Wes Buller

Biographical details
- Born: October 6, 1928 Goessel, Kansas, U.S.
- Died: April 2, 2018 (aged 89) Lawrence, Kansas, U.S.

Coaching career (HC unless noted)
- 1960–1964: Bethel (KS)
- 1965–1968: Friends
- 1969–1971: Southwestern (KS)

Head coaching record
- Overall: 51–51–5

= Wes Buller =

American football coach (1928–2018)

Wesley Dale Buller (October 6, 1928 – April 2, 2018) was an American football coach.
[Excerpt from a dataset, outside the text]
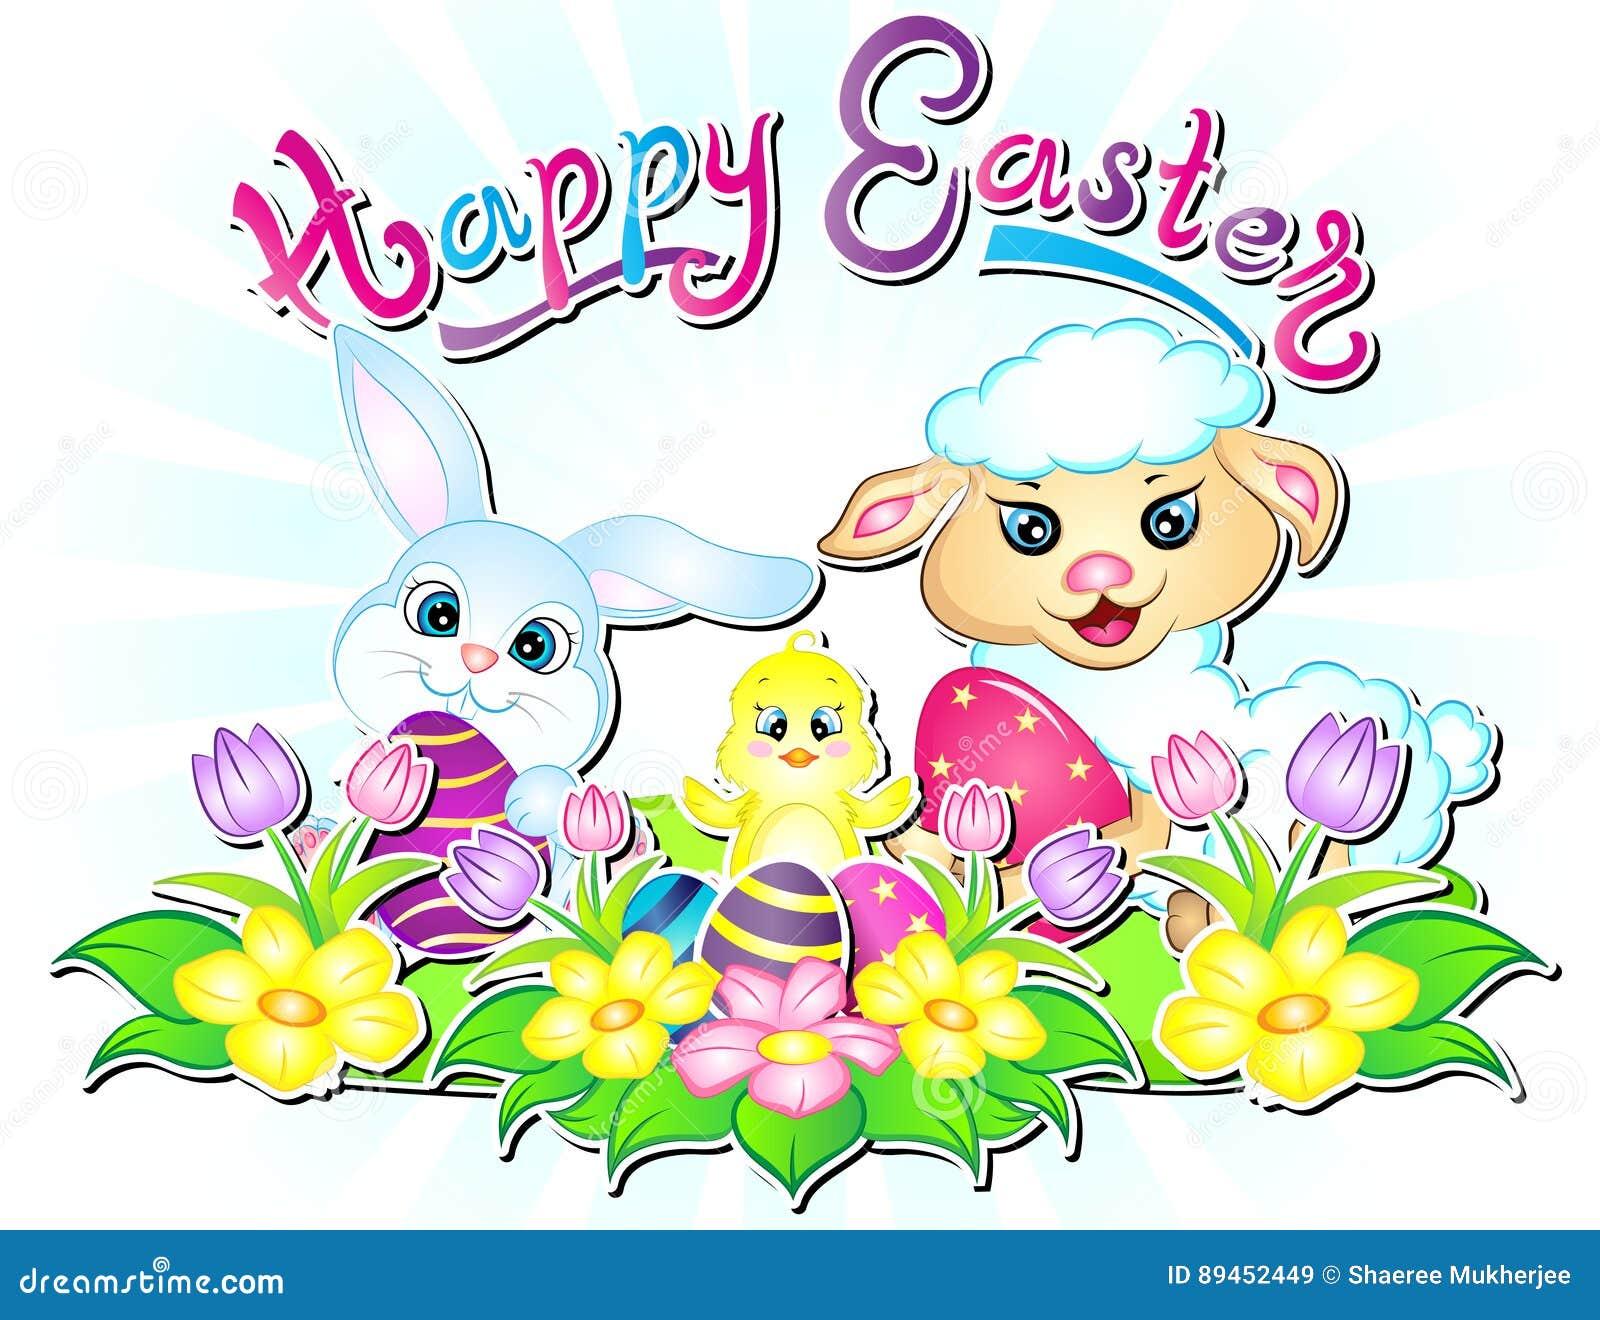 Happy Easter Wallpaper Illustration Stock Illustration

He served as the head football coach at Bethel College in Newton, Kansas (1960–1964), Friends University in Wichita, Kansas (1965–1968), and Southwestern College in Winfield, Kansas (1969–1971), compiling a career college football record of 51–51–5.

==Coaching career==
===Bethel===
Buller was the head football coach at Bethel College in Newton, Kansas for five seasons, from 1960 until 1964, compiling a record of 17–26–2.

===Friends===
After Bethel, Buller became the head football coach at Friends University in Wichita, Kansas, serving from 1965 to 1968 season, during which time his program recorded a record of 19–15–2.

===Southwestern===
Buller was the 19th head football coach at Southwestern College in Winfield, Kansas, serving for three seasons, from 1969 to 1971. His record at Southwestern was 15–11–1.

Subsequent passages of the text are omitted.